The type of lightning discharge is a key parameter for lightning monitoring and research. High-precision lightning classification information can enhance the applicability of lightning positioning data and can also be used for positioning, reducing the error of lightning positioning to a certain extent. In addition, this method is not only applicable to the classification of CG, IC, and NBEs, but can also be extended to identify more types of lightning discharges.
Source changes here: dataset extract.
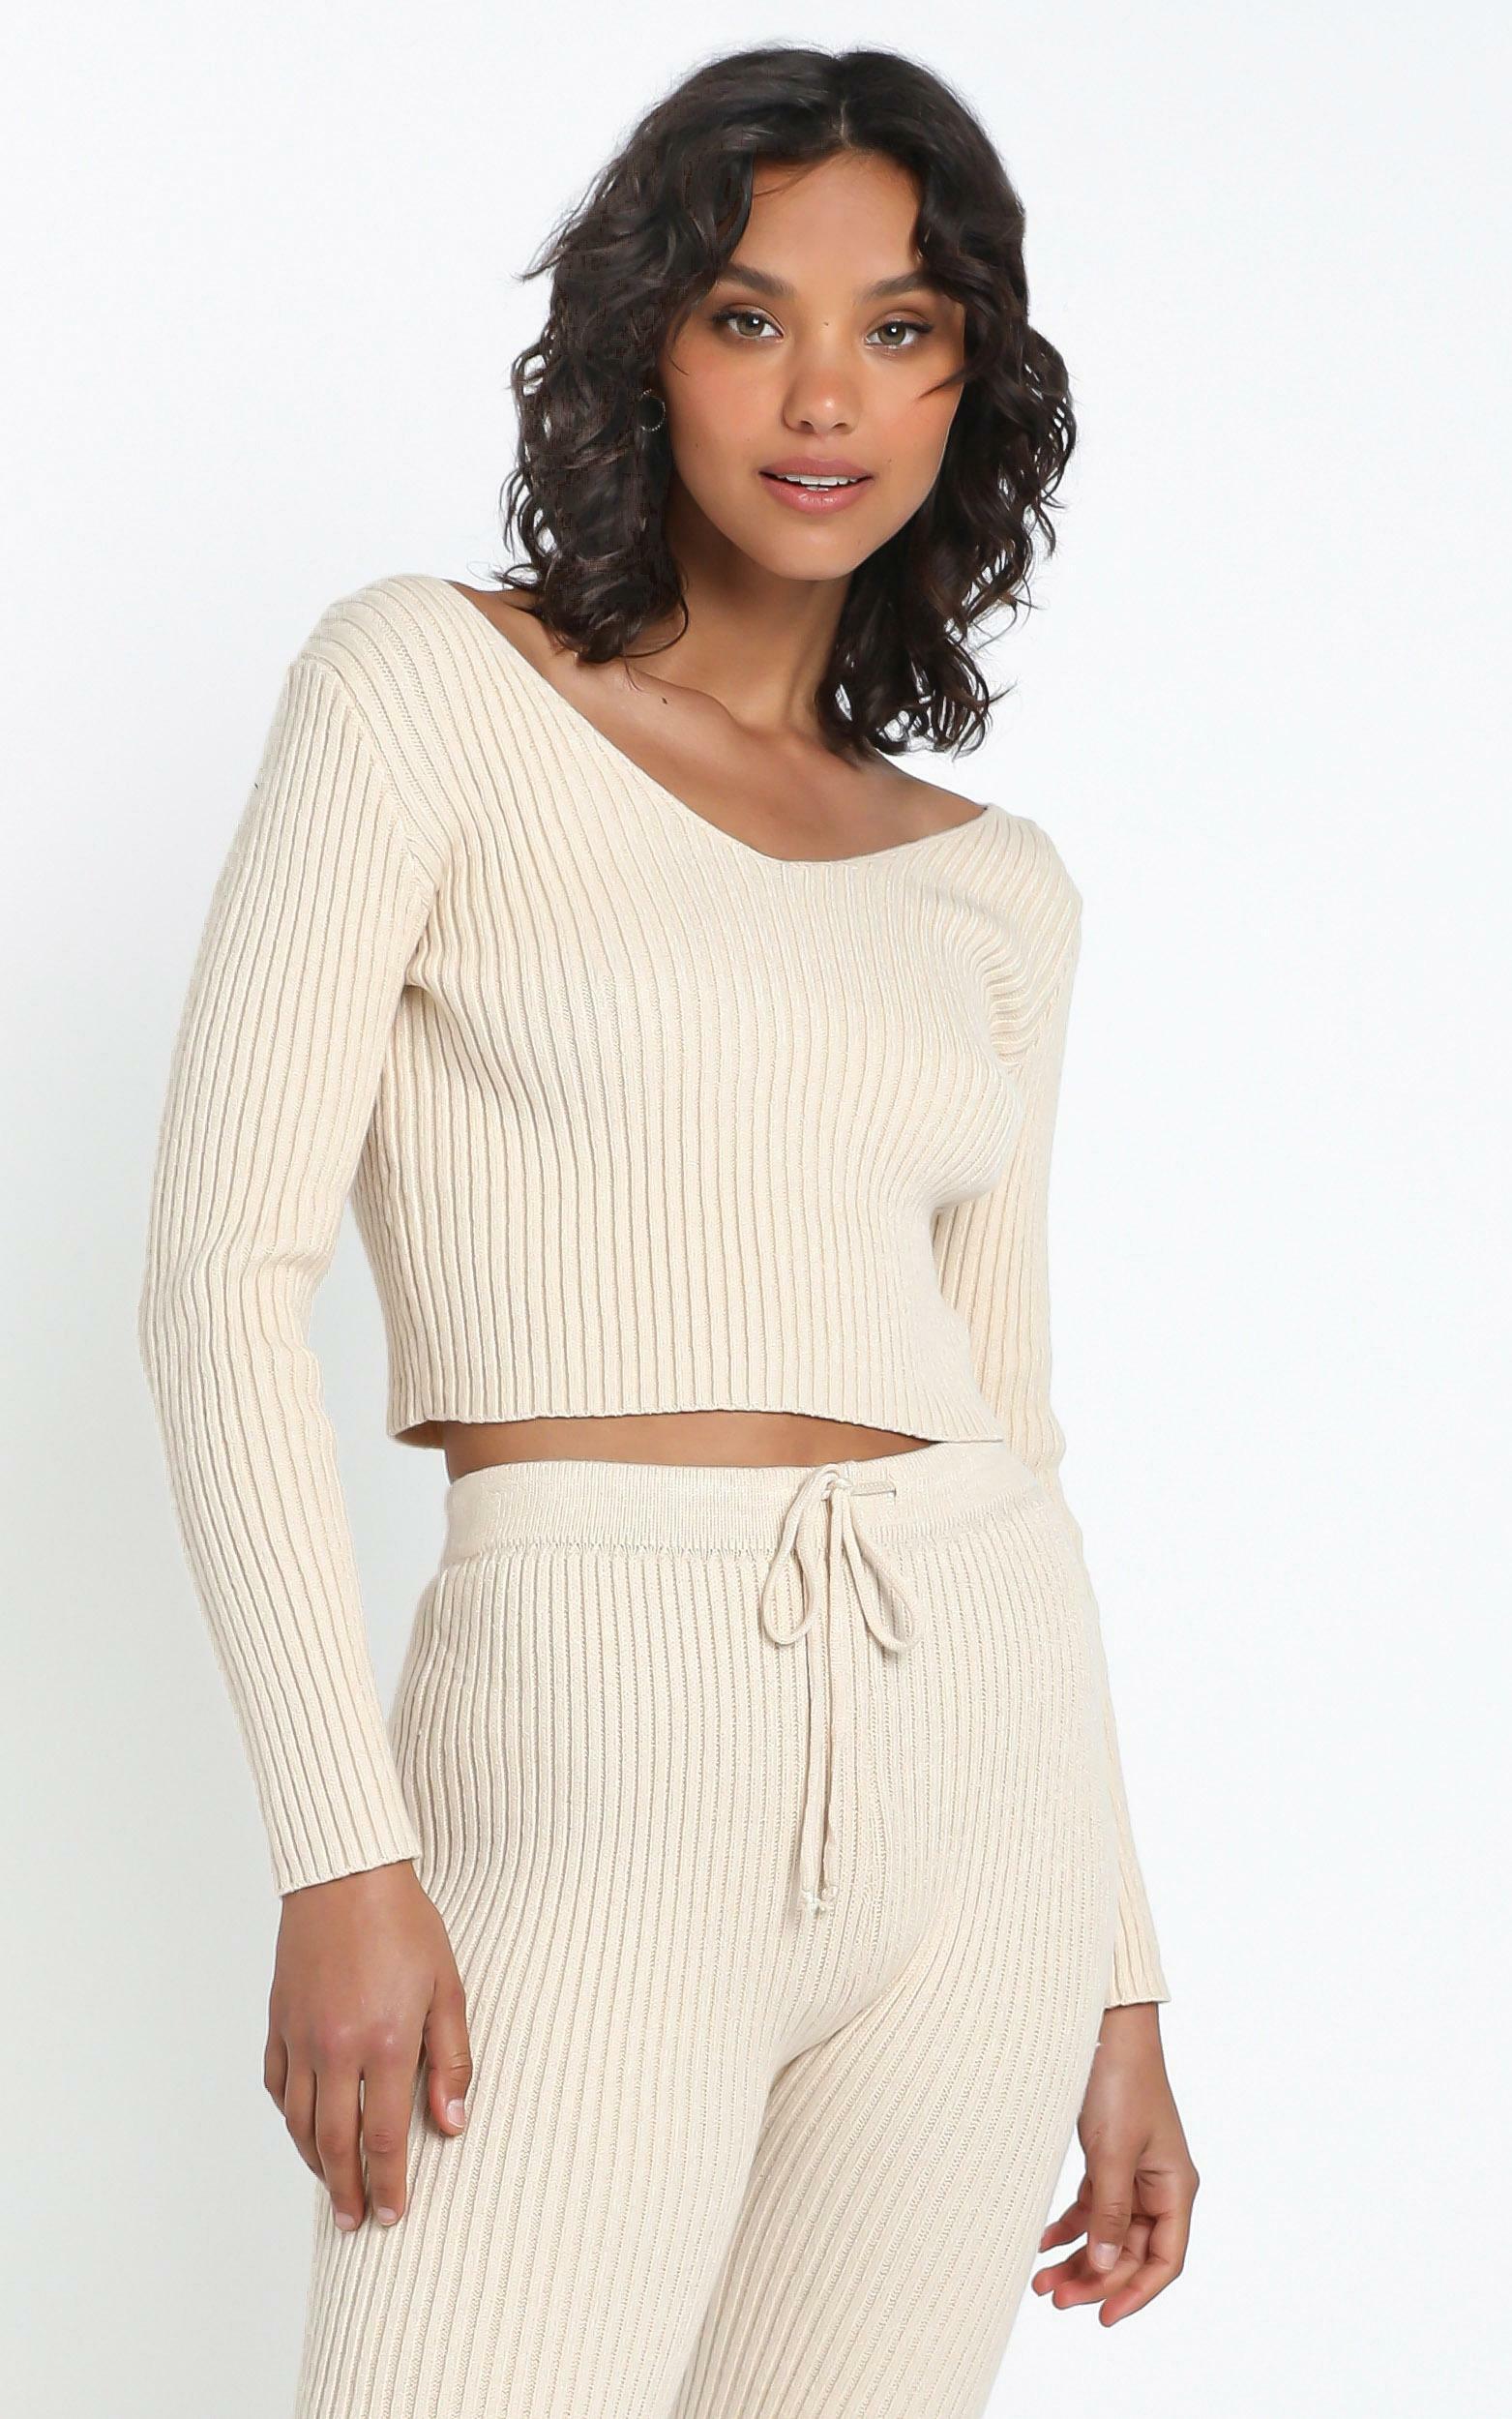 Gweneth Knit Jumper in Beige - 12 (L), Cream, hi-res image number null

Currently, various total lightning positioning technologies have been applied to business positioning systems. However, due to the complexity of cloud flash signals, there are many errors in using traditional signal features to identify lightning discharge types. The method proposed in this article can be applied to business positioning systems in two ways. The first way is to apply the feature extraction model to each substation of the lightning positioning system, extract the encoded features in real time, and send them to the central station. At the central station, the lightning type identification results are obtained through a random forest classification model. The second approach is to directly use the feature extraction model and random forest classification model proposed in this article in the substations to obtain the lightning discharge type results, and then send the lightning signal classification results to the central station.